BEGIN

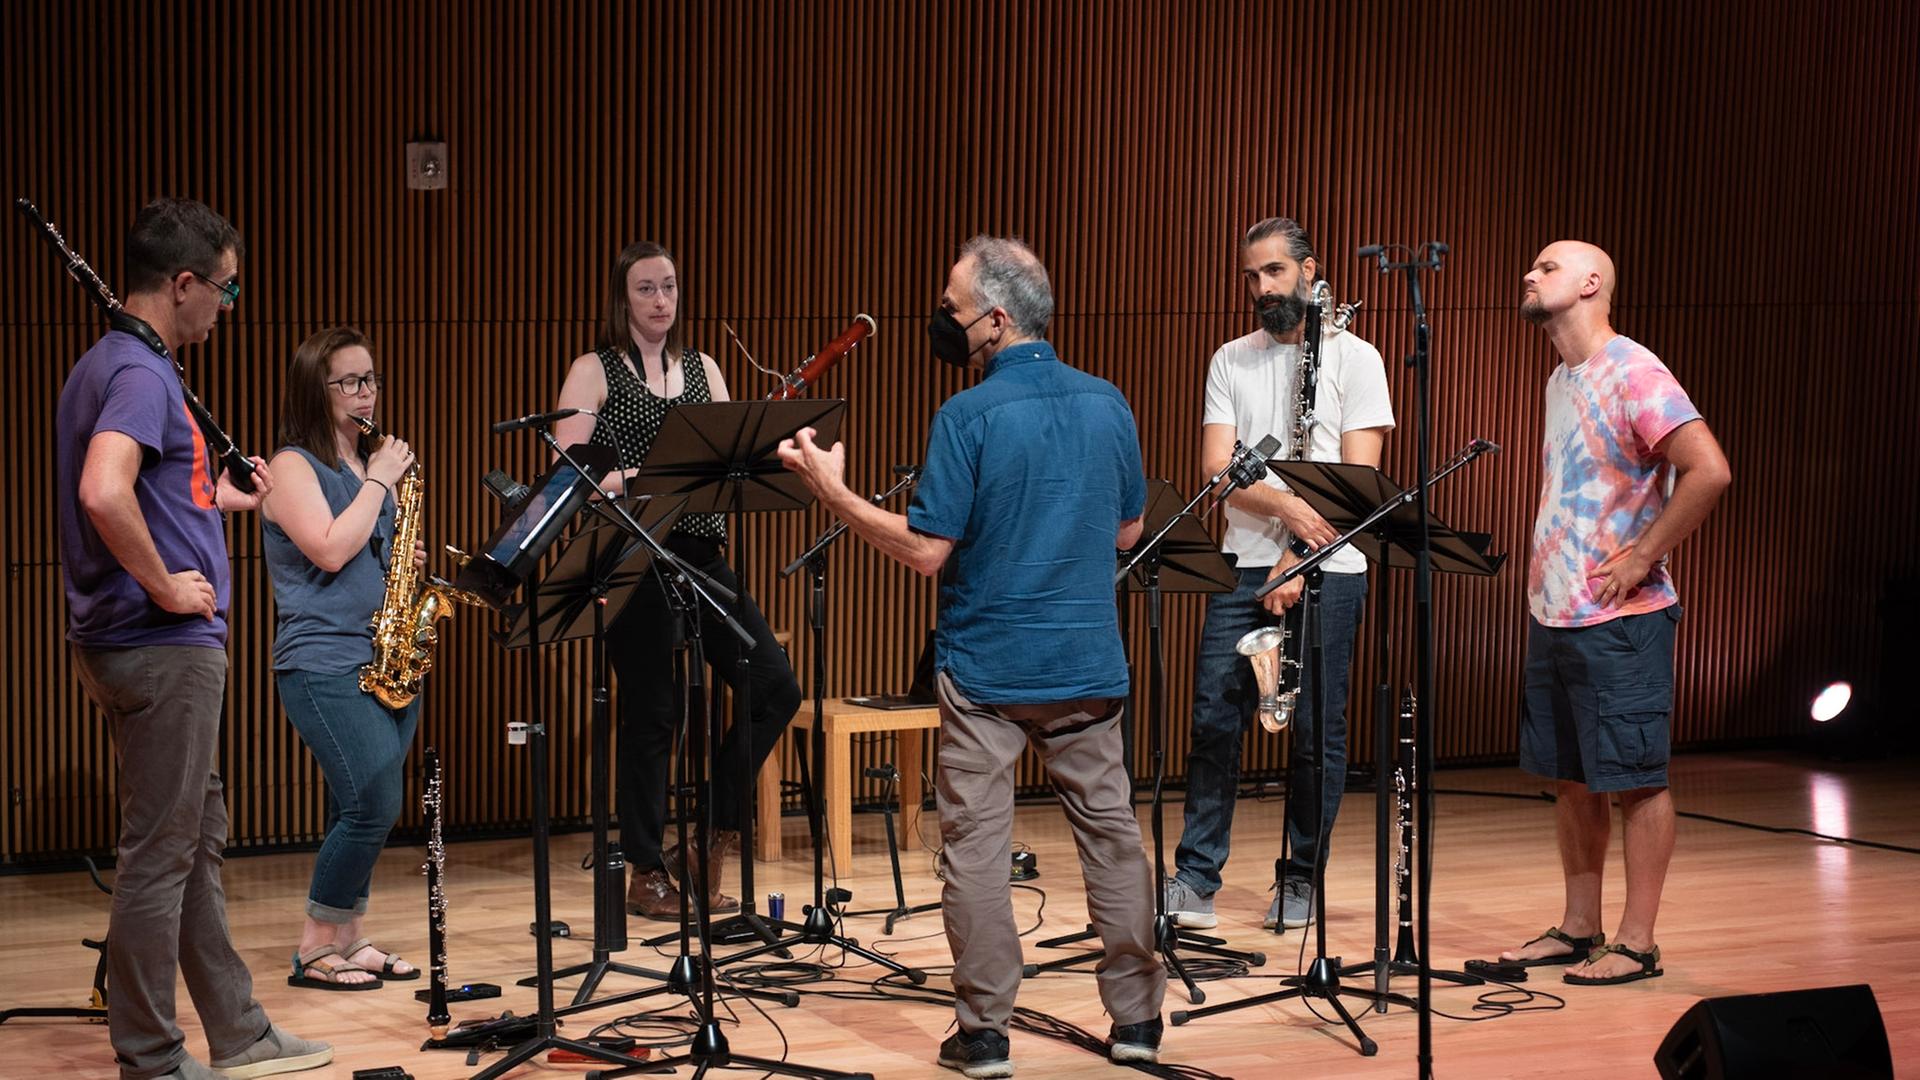 Die 5 Musiker des Ensembles stehen mit ihren Instrumenten auf der Bühne während der Komponist ihnen etwas erklärt
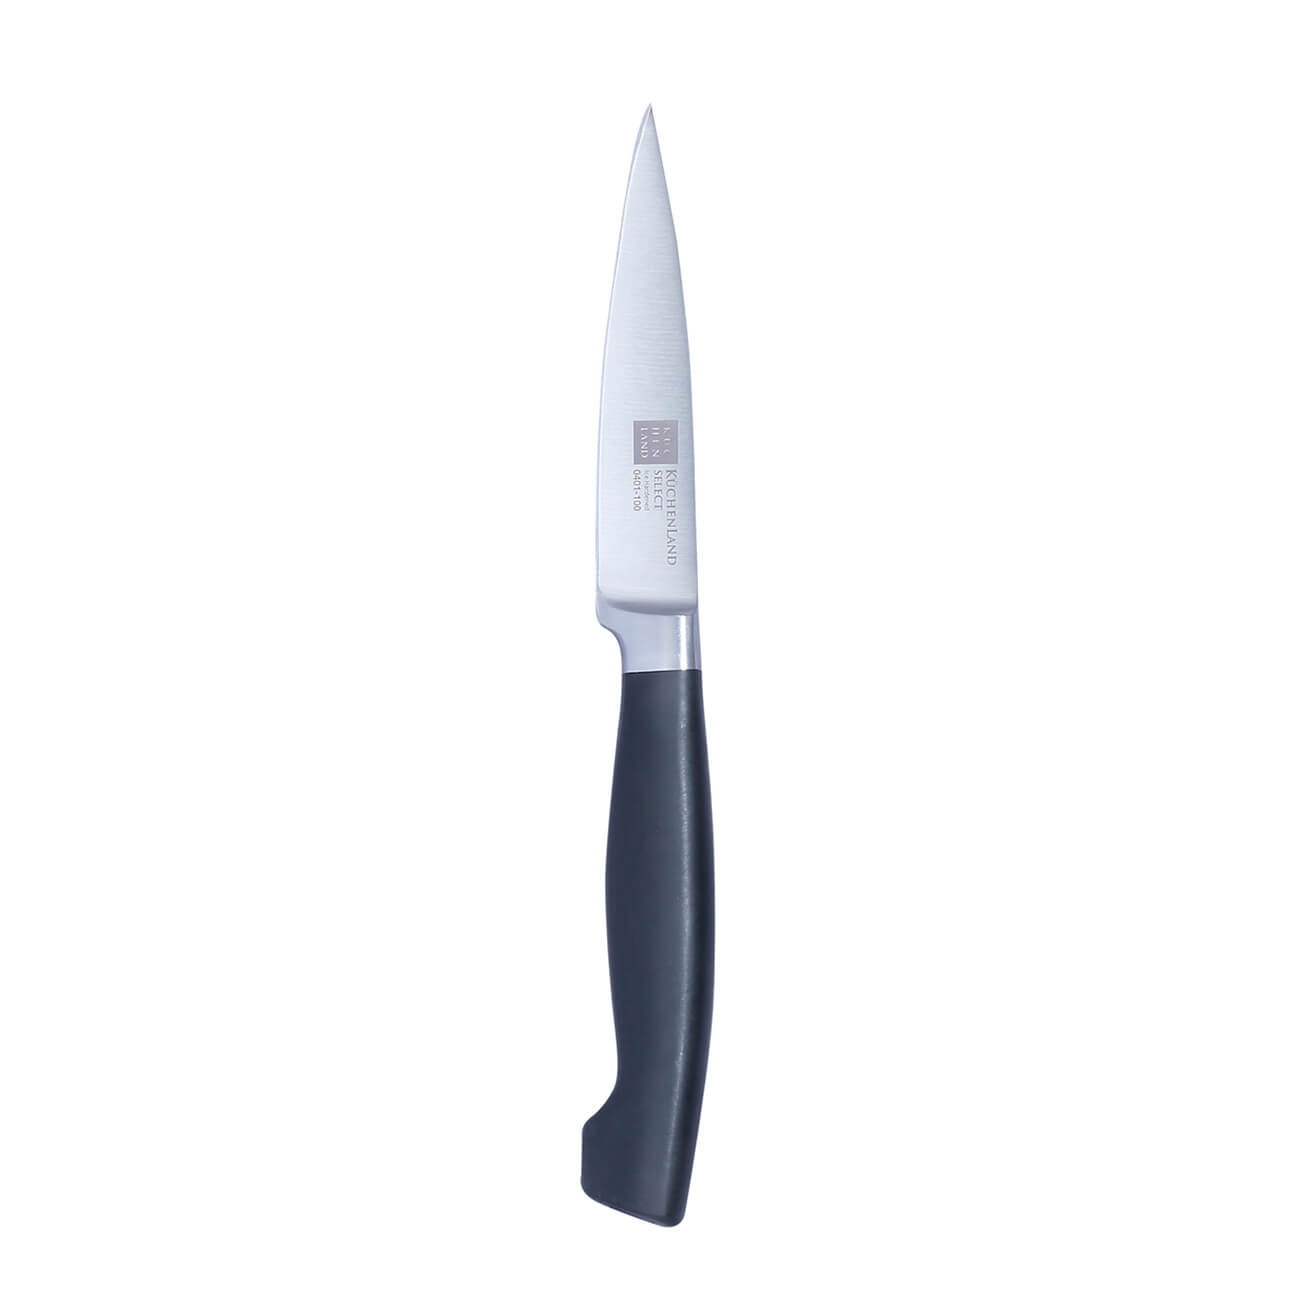 Нож для чистки овощей, 10 см, сталь/пластик, Select нож для чистки овощей jamie oliver 9 cм k2671144
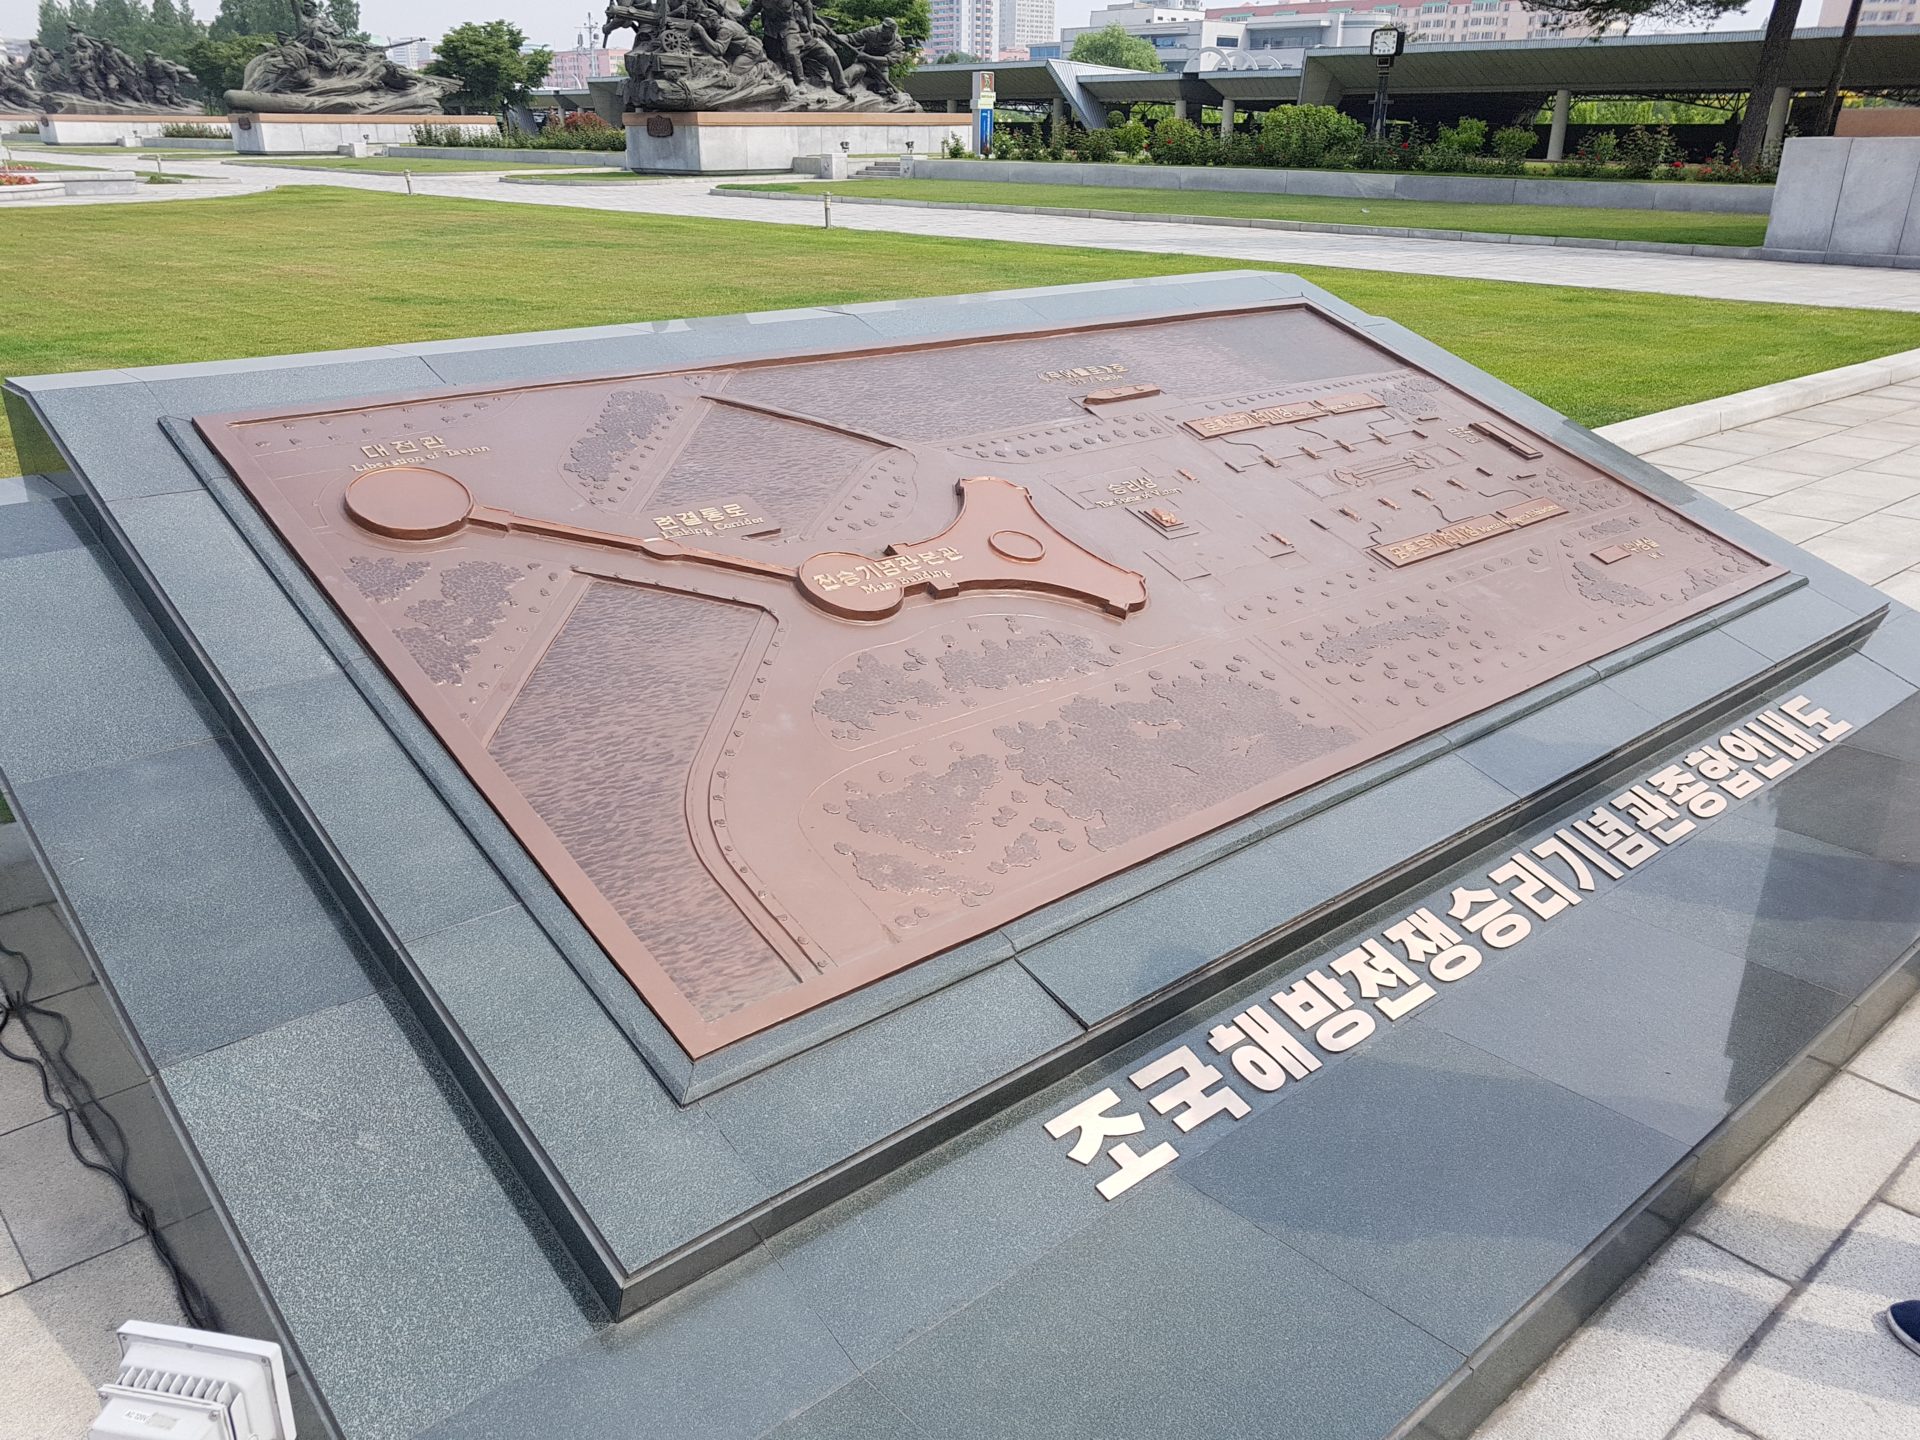 Korean War Memorials - Pyongyang - North Korea

END

> **TRY IT**
Give back the material word for word and drop the pictures it holds.

> **RESPONSE TO THIS EXERCISE**
 Die 5 Musiker des Ensembles stehen mit ihren Instrumenten auf der Bühne während der Komponist ihnen etwas erklärt
 Нож для чистки овощей, 10 см, сталь/пластик, Select нож для чистки овощей jamie oliver 9 cм k2671144
 Korean War Memorials - Pyongyang - North Korea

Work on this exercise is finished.